Hi!
I’m currently trying to build a language model for SMILES strings (molecular structures in text form) and I have a custom tokenizer for tokenizing such strings. An example string would be e.g c1ccccc1, corresponding to benzene. My tokenizer basically splits the string into it’s atoms and special characters (such as double bonds “=” etc.). My problem is fitting this into the DataBlock structure and also managing to get the nice .show_batch() function to work. Also there seems to be an error in the Learner.predict() function after training so I’m unsure to if my training has even done what I want it to do…
The .show_batch() error resolves itself and at least works when wrapping my tokenizer in the fastai Tokenizer() class, however that won’t work as a solution since my SMILES problem is case-sensitive (a “c” is different from a “C”) and together with my custom tokenizer it splits e.g “xxbos” from the Tokenizer wrapper to “x x b o s” etc… I already have my tokenizer add a bos token and a eos token ("^" and “&”) so I really shouldn’t be needing the Tokenizer wrapper…

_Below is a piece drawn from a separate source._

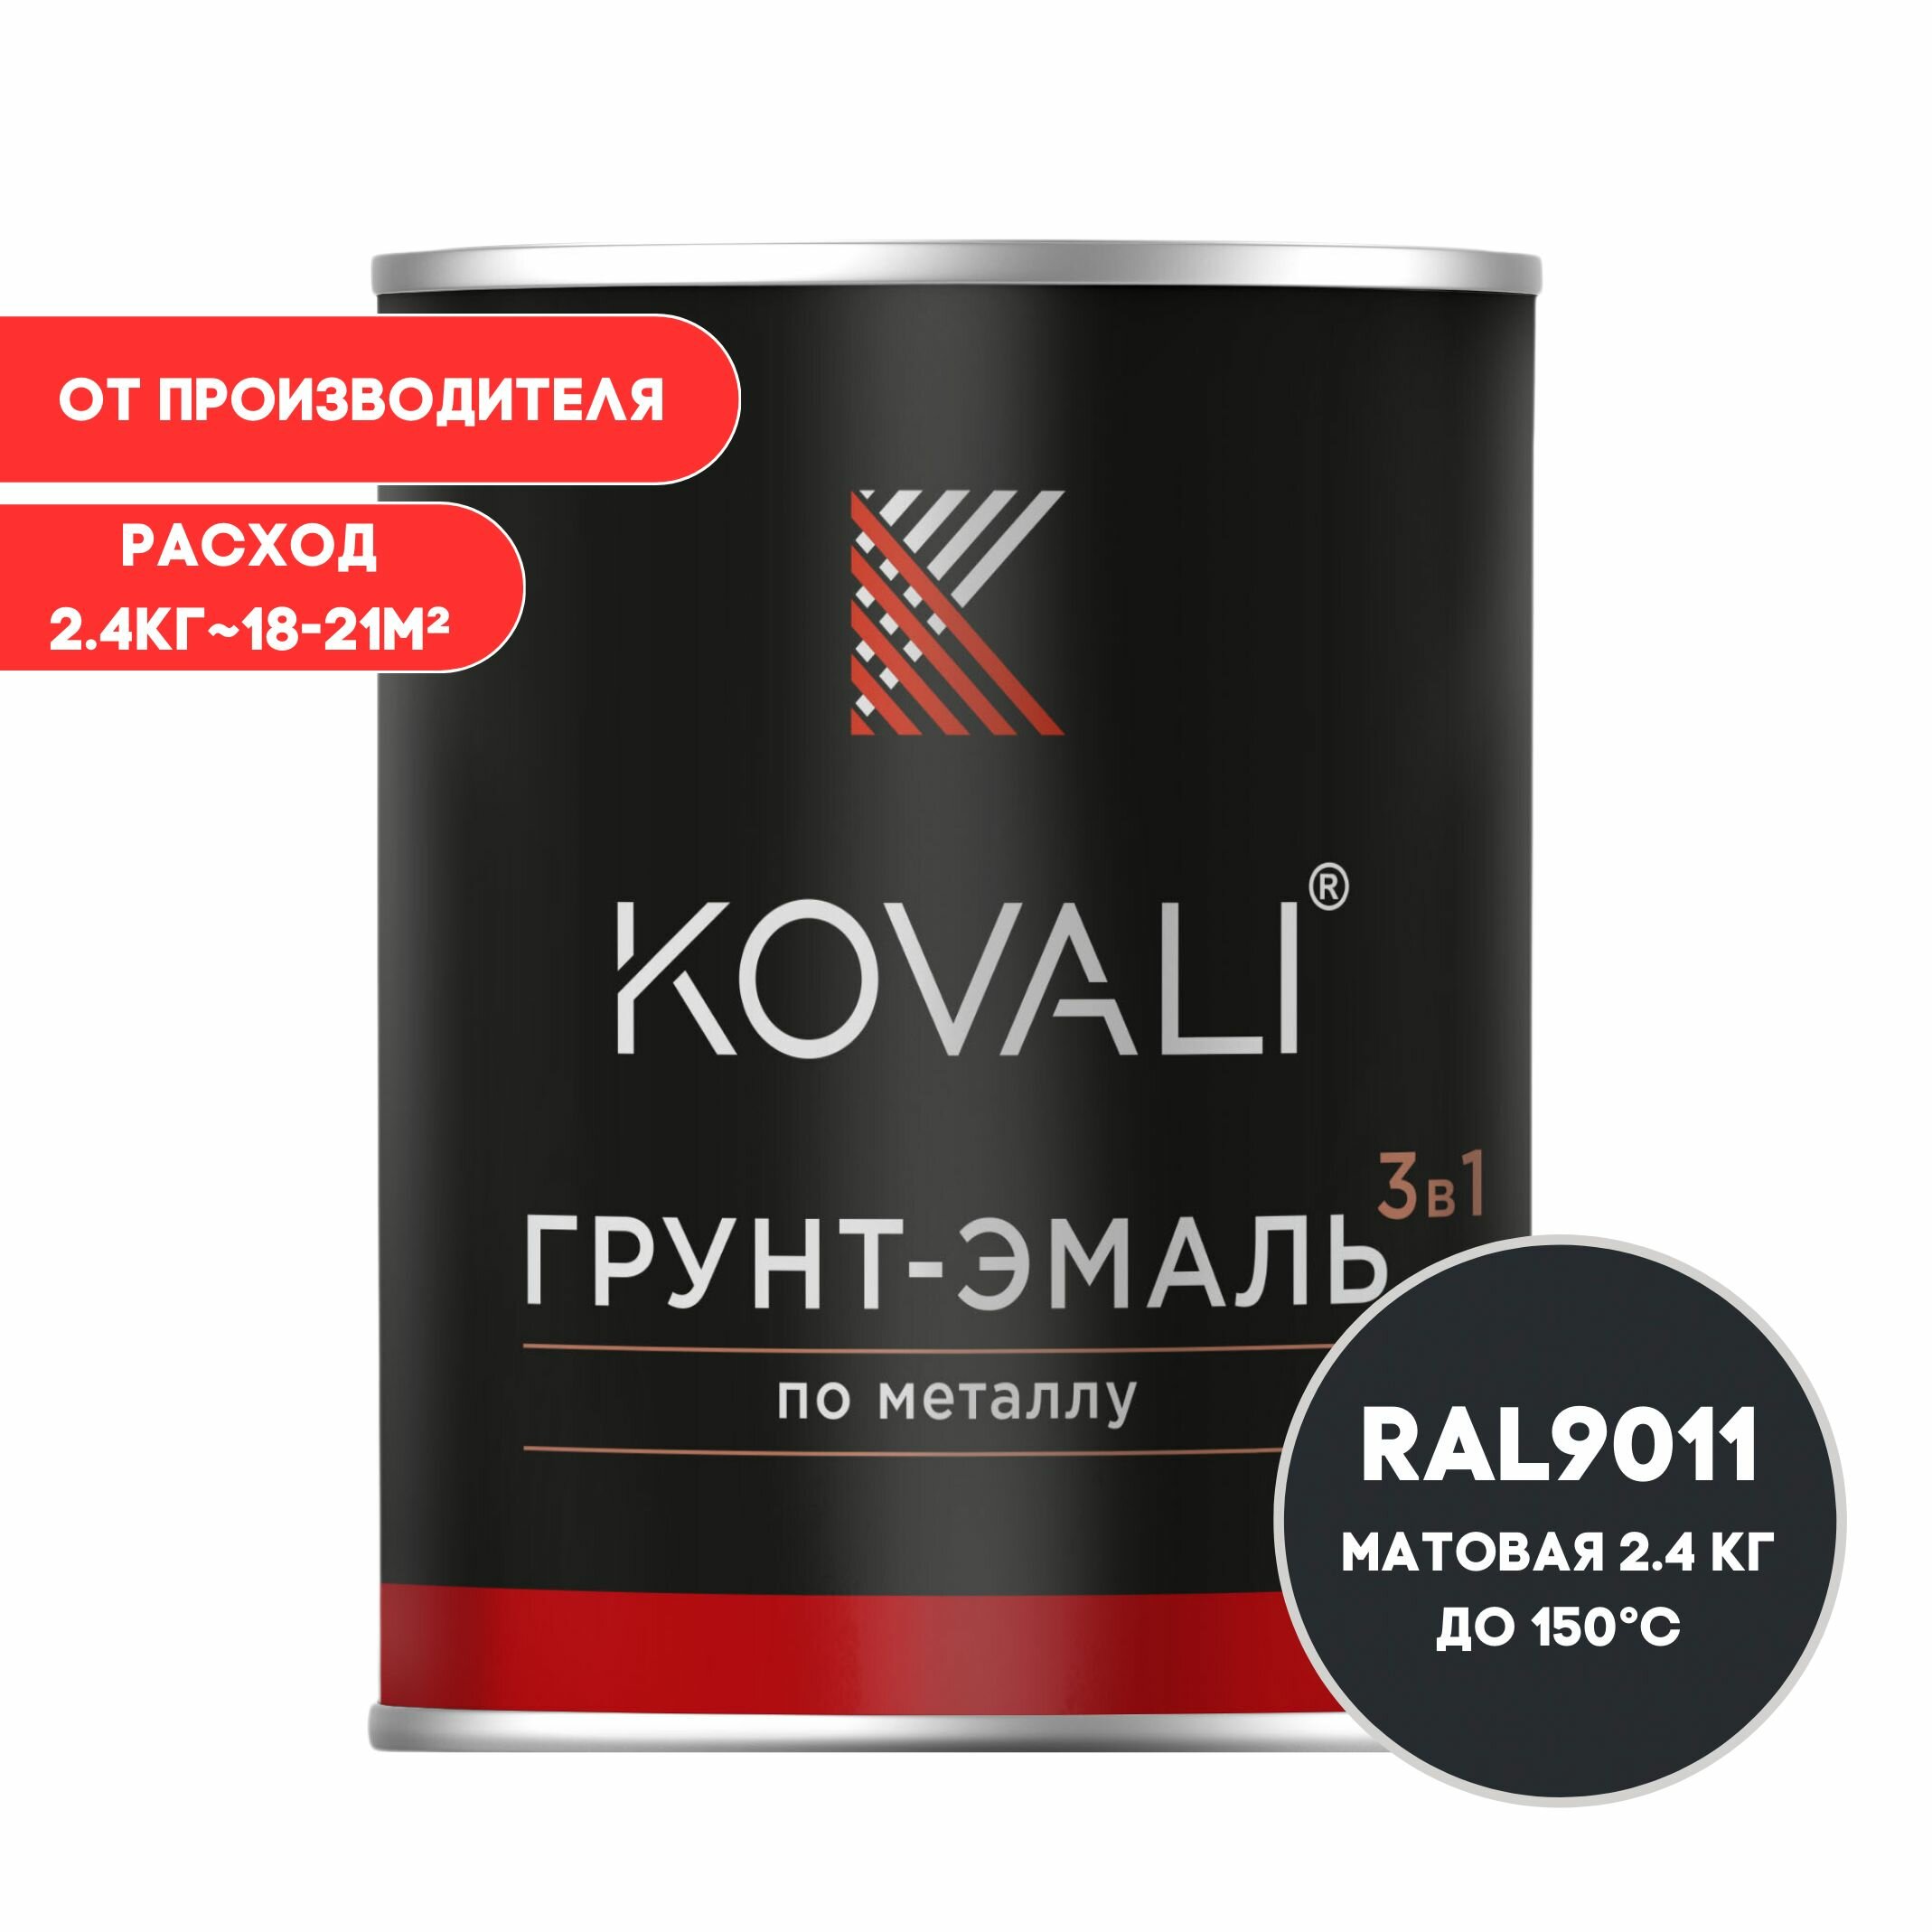 Грунт-эмаль 3 в 1 KOVALI матовая Графитовый черный RAL 9011 2.4 кг краска по металлу по ржавчине быстросохнущая

Here’s an example of the tokenizer in action:
tokens = tokenizer.tokenize(data.SMILES)
first(tokens)
[’^’, ‘C’, ‘=’, ‘C’, ‘&’]
I’ve tried to follow the IMDB tutorial in lesson 10. Here’s my DataBlock now and its summary after feeding it a dataframe of SMILES
DataBlock
dblock = DataBlock(blocks = TextBlock(tok_tfm=tokenizer.tokenize, vocab=vocab, is_lm=True),
get_x=ColReader(0), #extract SMILES from df
splitter = RandomSplitter(0.1)) # Splits the dataset randomly
.summary():
DataBlock.summary(data, bs=4, show_batch=False)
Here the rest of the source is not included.